Mas não são só números, mulheres e homens negros sentiram na pele o preconceito e a dificuldade do atendimento na saúde. A diarista Marilde Camargo, moradora de Fazenda Rio Grande, relata que só foi saber que havia contraído o vírus quando passou para seu filho. “Fui ao hospital e me mandaram de volta dizendo que eu estava com gripe. Eu sentia falta de ar, falei para eles, mas a impressão sempre é que a gente não é levada a sério”, conta. “Aí meu filho ficou ruim, conseguiu fazer o teste porque o patrão dele pediu e estava com covid”, diz.

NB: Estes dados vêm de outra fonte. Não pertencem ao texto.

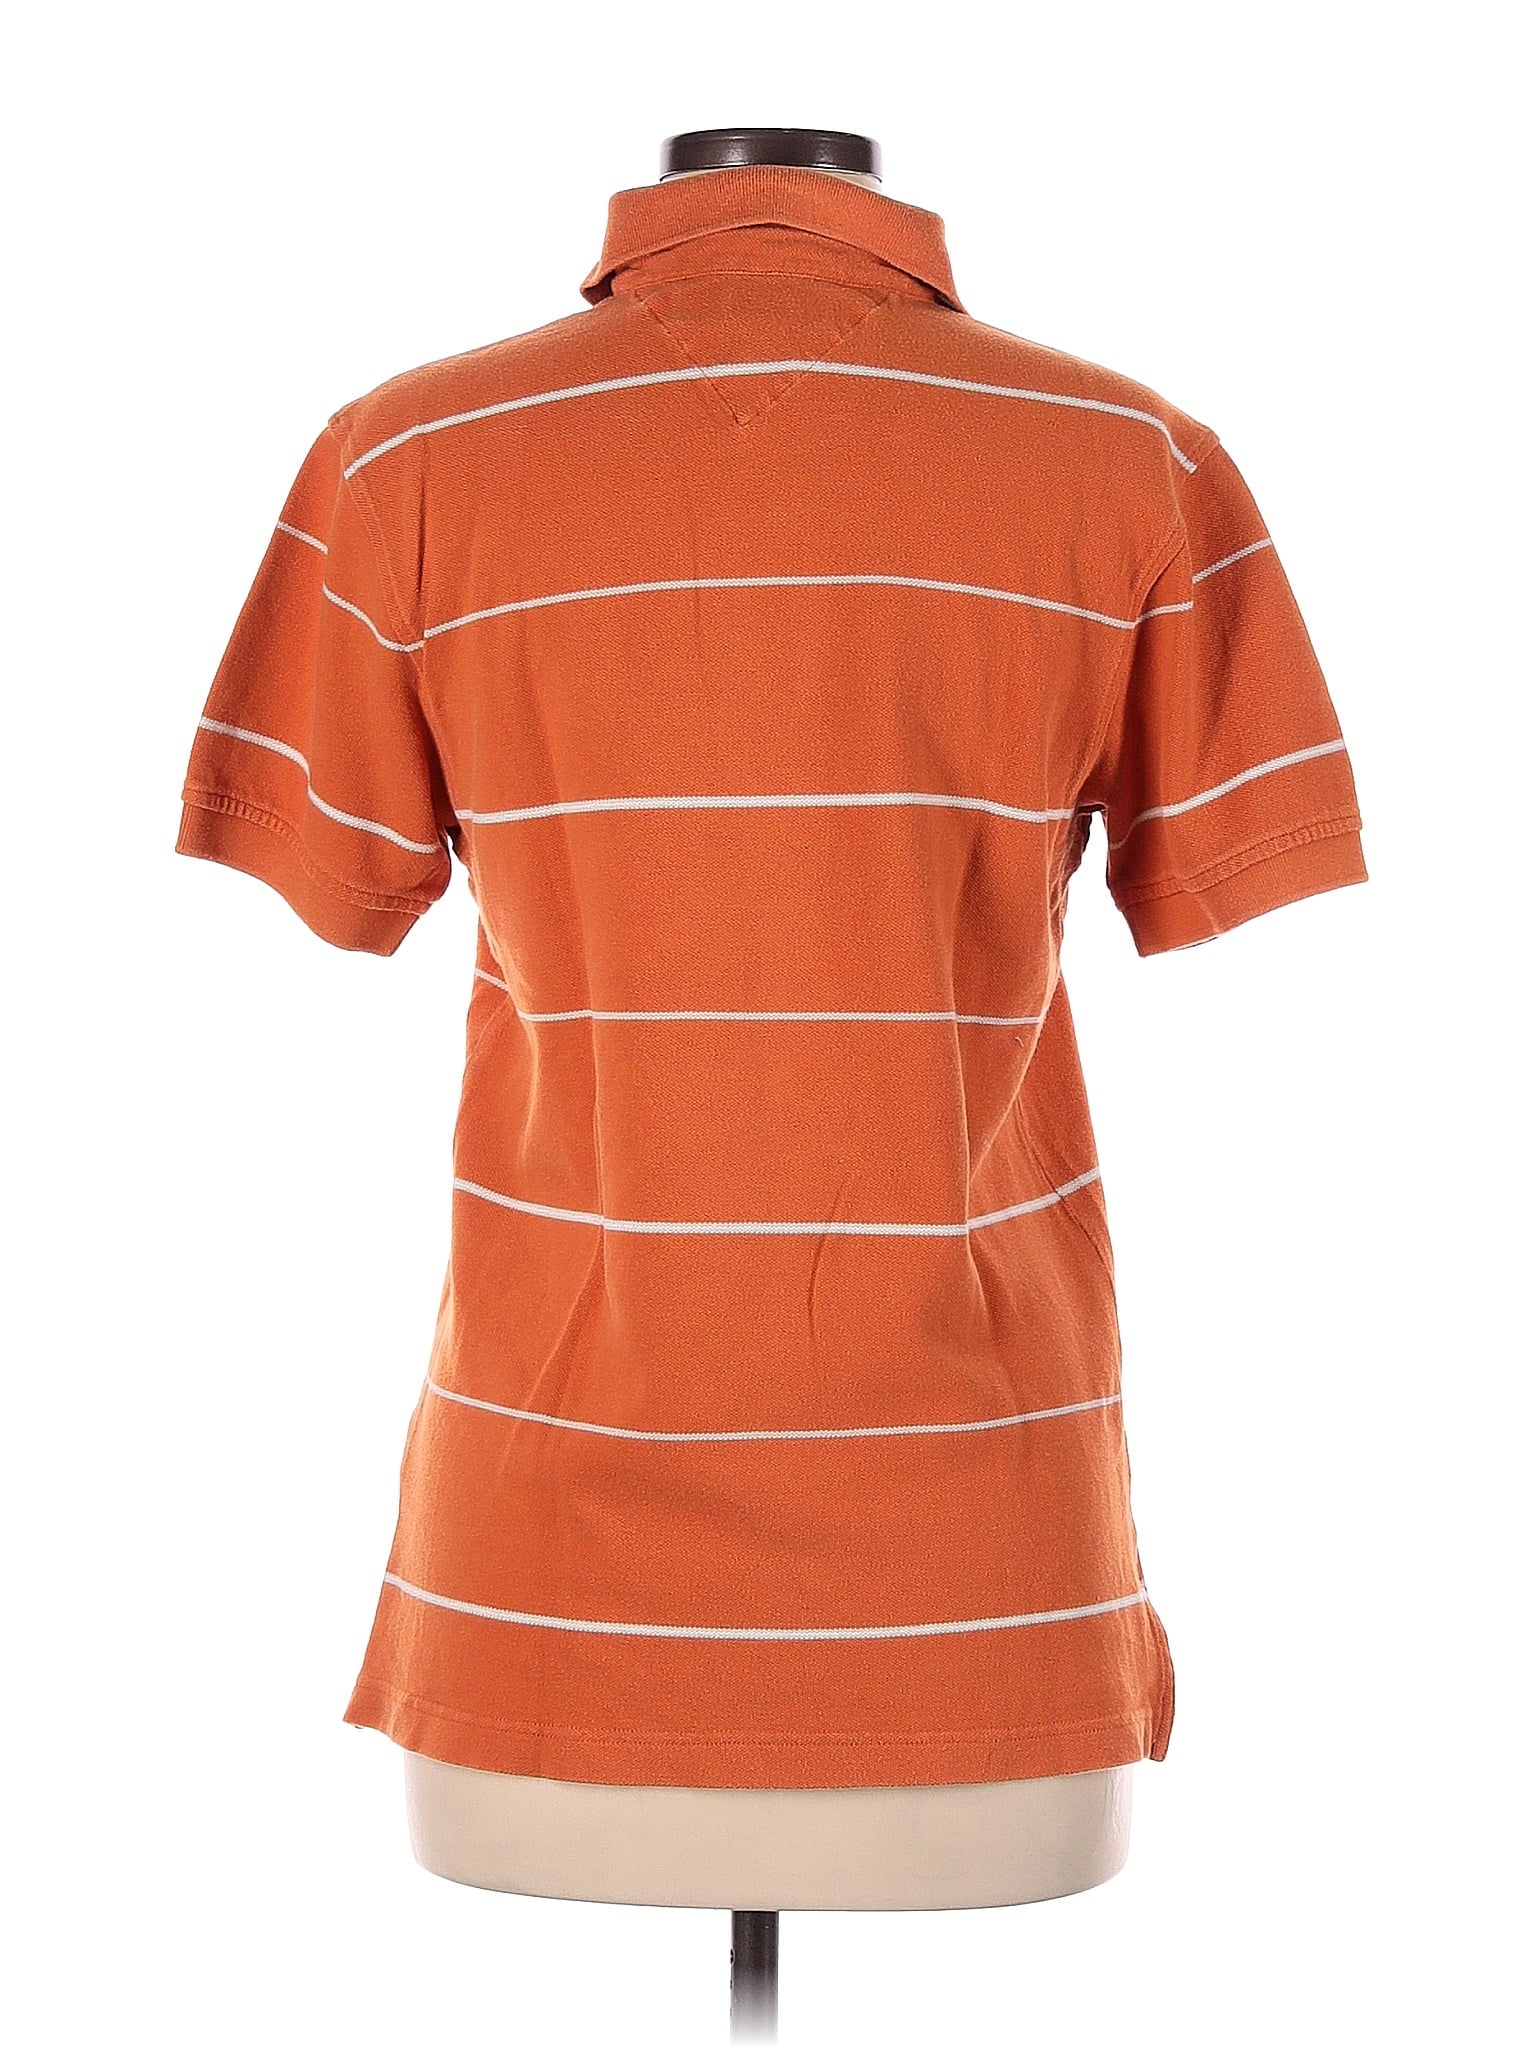 Polo Shirt size - XS

Volta para casa sem atendimento
Caso semelhante foi da fotojornalista Giorgia Prates, que contraiu duas vezes o vírus e disse que teve medo de morrer devido à falta de atendimento e ao preconceito. “Comecei a não conseguir falar, ter suadouro e fui para o hospital. Fiz a triagem e, quando entro para ter a avaliação com a médica, ela perguntou o que eu tinha, eu disse que achava que estava com covid. Na hora, começou a gritar para que eu parasse de falar e saísse da sua sala. Ela chegou também a brigar com a enfermeira e pediu que me isolasse. A enfermeira disse que eu não tinha nada e que não me isolaria”, relata.
Giorgia voltou para casa, mas na mesma noite se sentiu ainda pior e buscou atendimento numa unidade de pronto atendimento. Lá, ela e sua companheira esperaram seis horas e não foram atendidas. “Eu achei que ia morrer ali. Toda hora a gente ia perguntar quando seria atendida, via pessoas com menor gravidade sendo atendidas. Depois de mais de seis horas, outra moça negra foi questionar sobre quando seria atendida. Ali me dei conta de que as duas pessoas pretas que ali estavam não eram prioridade. Entendi que cor eles estavam priorizando.” Mais uma vez, Giorgia voltou sem ser atendida e acabou sendo orientada a distância pela irmã, profissional de saúde, e se tratou em casa.
Falta execução de políticas públicas
No momento mais crítico da pandemia, em 2020, o secretário de Saúde do Paraná, Beto Preto, foi questionado, em audiência na Assembleia Legislativa, sobre atenção à população negra após surto de covid-19 em uma das comunidades quilombolas do estado. Ele se limitou a dizer que estariam incluindo a população negra, via decreto, como de risco para o vírus e continuariam monitorando.
Para Teresa Mendes, do movimento negro do Paraná e integrante do Conselho Municipal de Igualdade Racial de Londrina, a pandemia só escancarou mais o quanto a população negra não é priorizada nas políticas púbicas. “Sem estruturar o SUS pensando nesta população, não vai ter mudança”, diz.
Teresa destaca que existe um Plano Nacional de Saúde Integral da População Negra, aprovado em 2009, que precisa ser executado. “A população negra tem especificidades. E esse plano precisa ser implementado. São poucos os municípios que estão empenhados em tirar do papel. Por exemplo, está incluída lá a capacitação dos profissionais da saúde para atender esta população, que inclusive tem doenças específicas", explica.
Dados da Pesquisa Nacional de Saúde (PNS) apontam que a população negra apresenta prevalências maiores de hipertensão (44,2%) e diabetes (12,7%) comparada à população branca (22,1% e 6,2%). O mesmo acontece em relação a doenças cardíacas (7,0%) e asma (8%).
A reportagem do Brasil de Fato Paraná entrou em contato com a Secretaria Estadual de Saúde questionando se há orientação aos municípios sobre a execução da Política Nacional de Saúde Integral da População Negra. Até o fechamento da matéria, não houve resposta.